Yeah both are being caught....we only trolled for three hours, had we trolled longer we would have certainly picked up some wahoo. We had a 70-80 lb wahoo explode on the right flat but didnt get hooked and missed a few others on the riggers. Saw a few "super chicken" dolphin in the spread too.


----------



## Chris Hood (Mar 13, 2008)

Magic236 said:


> Chris, thanks for the post and CONGRATS on a SLAM. The little Sailfish are always amazing. Glad someone is out there fishing, I am having withdrawals.
> 
> "Hogdogs," Brent, I appreciate that you backed down. There is an old saying, think before you speak, this day in age, think before you type. This forum is free, you volunteer to post, it takes effort to put together the post, and from time to time, especially when you are sleep deprived from a fishing trip and dealing with the new forum, technology will conspire to mess up the post and pics.
> 
> We are all Fellow Fisherman dealing with a historic economic and ecological disaster, and would like to encourage more common decency and decorum among this group and those outside of the PFF.

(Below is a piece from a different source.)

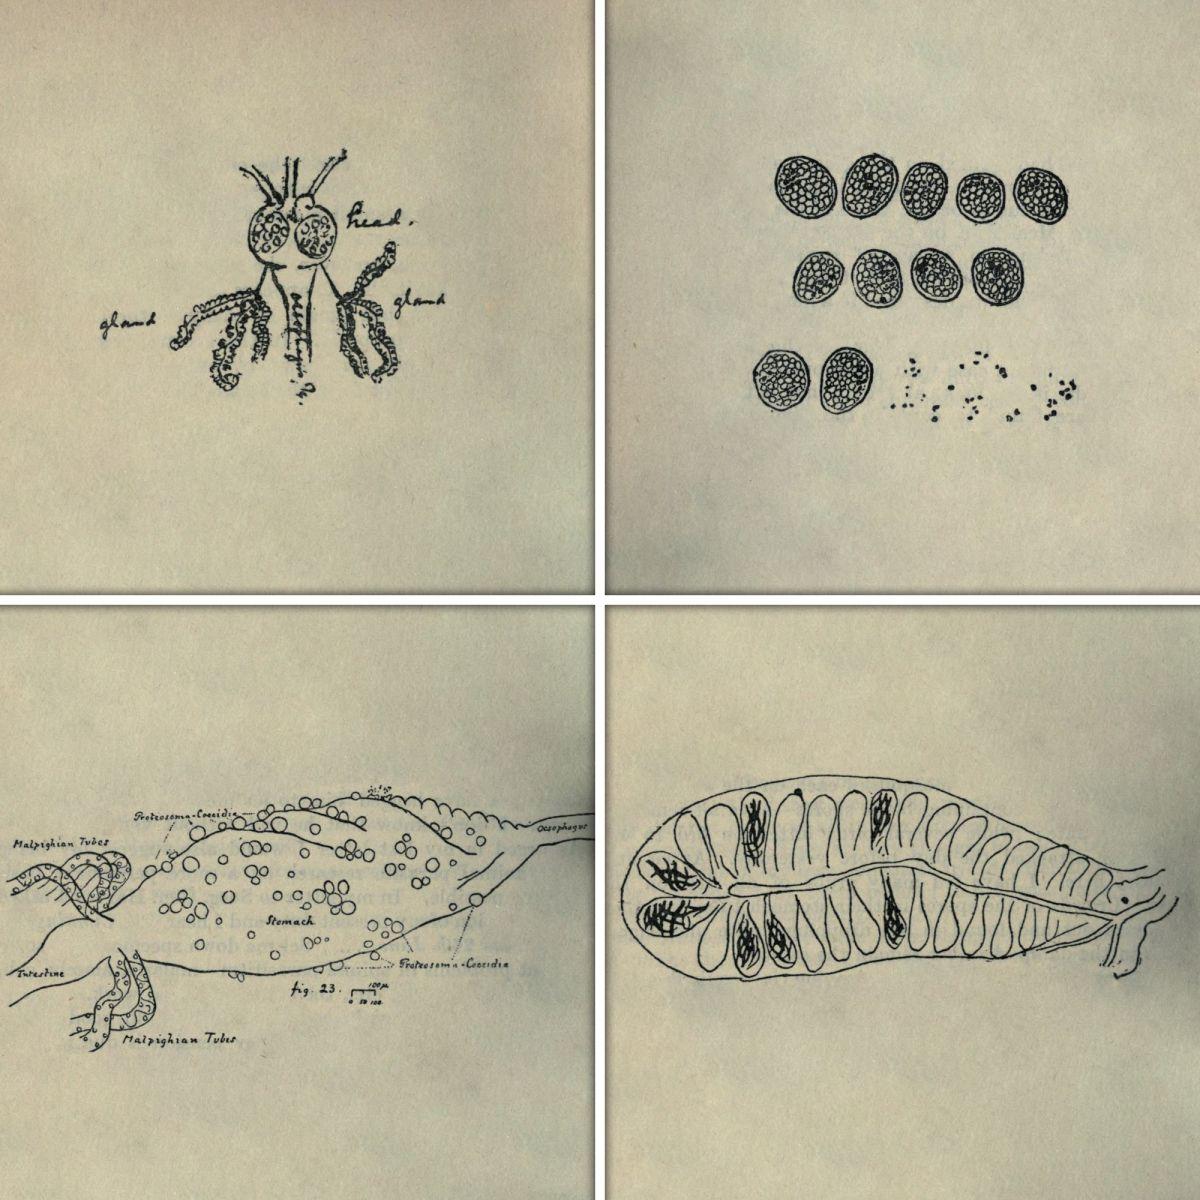 Зарисовки из писем и публикаций Рональда Росса

I also appreciate you backing down Hogdogs and thanks for reiterating it too Magic.


----------



## skindeep (May 31, 2009)

Just got back in town and read your post. Congrats. Sounds like Texas fishing is pretty darn good. Always good to get the young guys in on the catching. My 10 year old caught a white and lost a blue while we were in the Abacos. Just got the boat home yesterday. Kind of depressing at OBM. Look me up next time you are over this way.


----------



## Chris Hood (Mar 13, 2008)

skindeep said:


> Just got back in town and read your post. Congrats. Sounds like Texas fishing is pretty darn good. Always good to get the young guys in on the catching. My 10 year old caught a white and lost a blue while we were in the Abacos. Just got the boat home yesterday. Kind of depressing at OBM. Look me up next time you are over this way.


Congrats to him as well! I definitely will look ya up when we make it back that way!


----------



## fucaiyon (Apr 24, 2009)

Awesome trip looks like we have a new generation of upcoming youths to carry on the legacy I never seen no one not return to billfishing after they catch one There hooked a trip to remember


----------



## JointVenture (Mar 5, 2010)

Chris, great post and sounds like a hell of a time!! Congrats on the SLAM, I've seen a juvenile once before and boy are they something else!!! Keep up the good work.:thumbsup:

Matt Davis


----------



## marriemb (Jul 1, 2010)

great work though some pictures would have added more effect


----------



## OP-FOR (Jan 23, 2010)

Not sure if you would like to run this far out of Galveston, but I can give you reports on what I see out here on Perdido. Of course I am 2 and 2. It may be worth a shot.


----------